The compression and sequencing of ROS itself makes data queries on disk more efficient. In addition, Ros is dense packed does not waste disk pages. Traditional databases tend to leave the page very empty so that they can continue to insert data without being collated, and disk space utilization is not the highest. Ros this part of the work is a tuple mover asynchronous, in the merger phase control should be more easy to control. In the query, it will also pre-read the larger size of the large Ros.


Sort aspect

As mentioned earlier, Vertica through multi-backup to do ha and fail recovery, different from traditional database log-based failure recovery method, the writing process is more expensive than Vertica. In addition, the additional sorting method speeds up the query, and Vertica chooses the best way to do the sorting.

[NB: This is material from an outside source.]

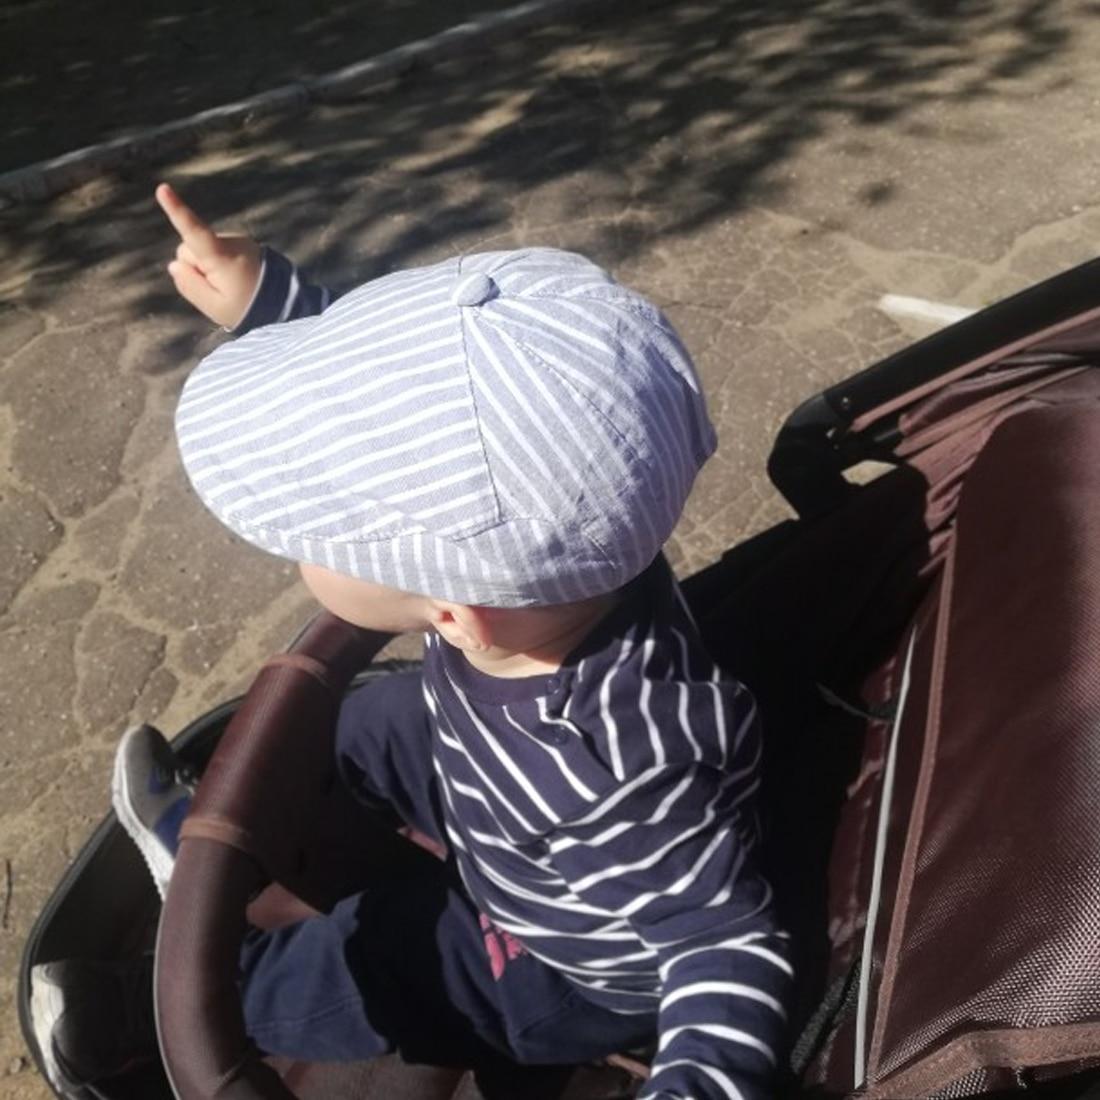 Children Stripe Classic Style Kids Fashion Cap Toddler Summer Berets Hat Boy Caps for Child Girl Berets Kids Hats in Hats Caps from Mother Kids
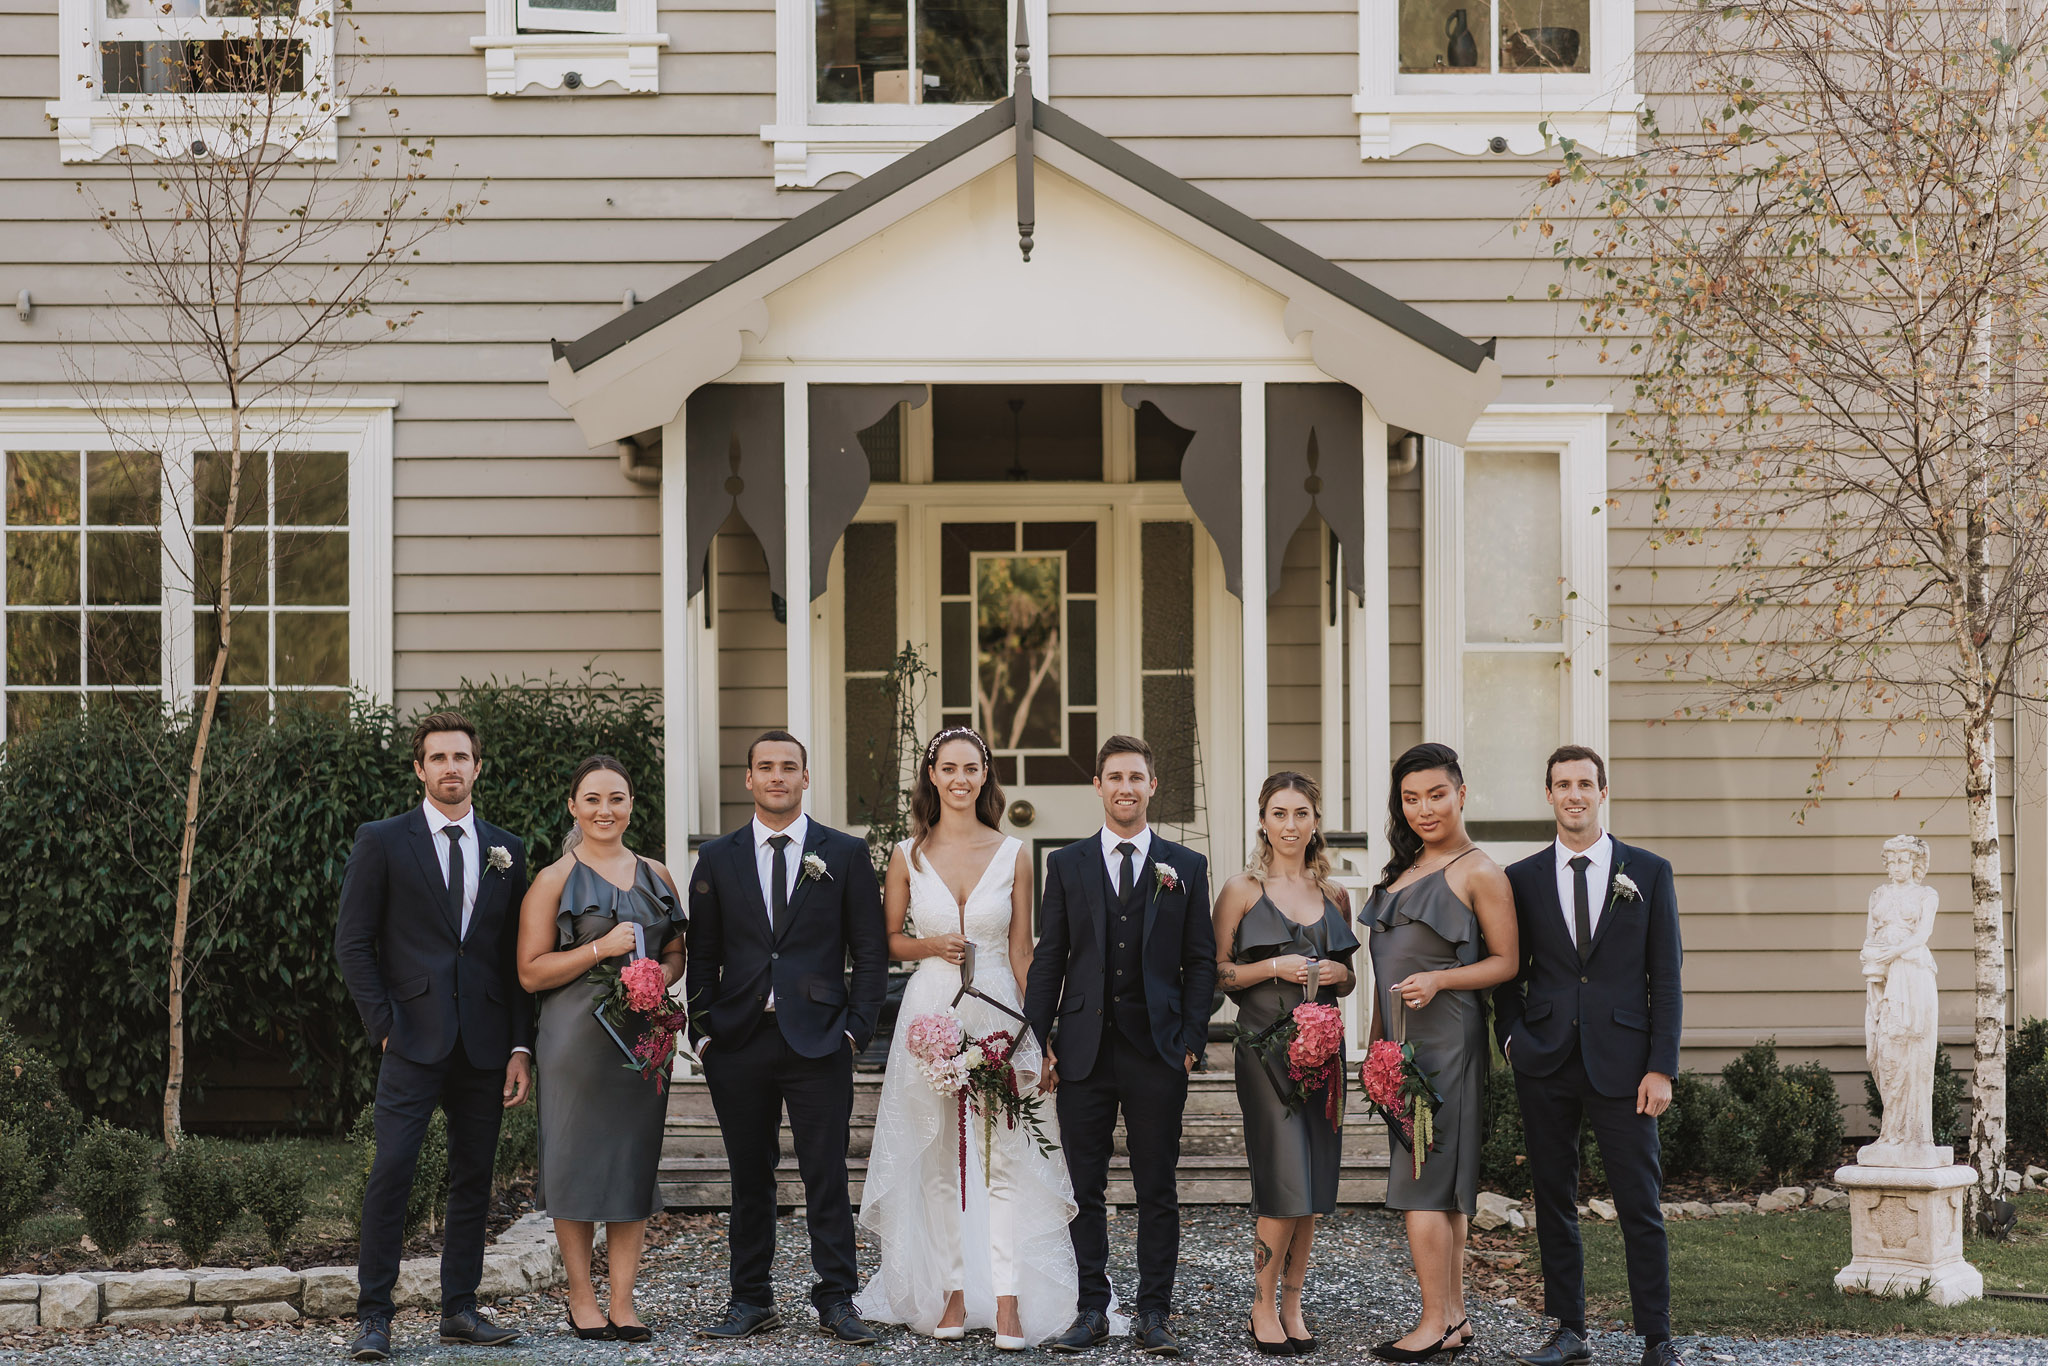 rambo-estrada-rubymatt-kauri-bay-boomrock-auckland-wedding-photographers-0346-c copy.jpg

Parallelshared-nothing on off-the-shelf hardware design

Not much to say, convenient linear expansion, no special requirements for hardware.


A benckmark of Vertica, for example.



Management

The previously mentioned DB Designer will help the user to divide the table and do better physical storage options, such as the following,


It participates in the logical schema, the sample data and the query statement three things to make a decision. and DB Designer can incrementally design the physical schema for the database again.

Some points on the HA guarantee of failure recovery and k-safety. Business and traditional database through logging and two-phase commit to ensure transactional way to do failure recovery, rollback and so on, Vertica by backup k+1 part of the implementation, just to have one not hanging off, on the line from its full copy recovery, fault tolerance is high, and based on high compression rate, We don't have to worry about the disk being so tight. This also allows Vertica to provide hot-swapping (hot swap) nodes, which are relatively easy to remove nodes and new nodes.

Traditional database is record-at-a-time or bulk loading way to insert new data, Vertica is different from this can provide continuous loading function, the query node is often in snapshot isolation mode, So it's read-only in a sense, so it doesn't have to be locked when it's written. And the data in the WOS does not need to be sorted or compressed, and the bulk write throughput is relatively high.


Summarize

Vertica compared with the traditional database system and other column Data warehouse system, there are obvious advantages in performance, there are some similarities and differences in design, which is more suitable for ad-hoc query, OLAP type of job. In general, Vertica reduces IO overhead through columnstore, combined with efficient compression, greatly saves disk space, based on which Vertica uses multiple backups to ensure high availability, and multiple backups can enhance query performance. In the use and operation of the angle, vertica with tools to help users do physical table storage, can provide standard SQL interface, but also compatible with existing BI, ETL tools to facilitate the migration of jobs to Vertica, and vertica deployment of hardware has no special requirements, can be linearly extended.



Complete the full text:)


Vertica: DBMS schema-based Columnstore Data Warehouse

Contact Us

The content source of this page is from Internet, which doesn't represent Alibaba Cloud's opinion; products and services mentioned on that page don't have any relationship with Alibaba Cloud. If the content of the page makes you feel confusing, please write us an email, we will handle the problem within 5 days after receiving your email.

If you find any instances of plagiarism from the community, please send an email to: info-contact@alibabacloud.com and provide relevant evidence. A staff member will contact you within 5 working days.

A Free Trial That Lets You Build Big!

Start building with 50+ products and up to 12 months usage for Elastic Compute Service

  • Sales Support

    1 on 1 presale consultation

  • After-Sales Support

    24/7 Technical Support 6 Free Tickets per Quarter Faster Response

  • Alibaba Cloud offers highly flexible support services tailored to meet your exact needs.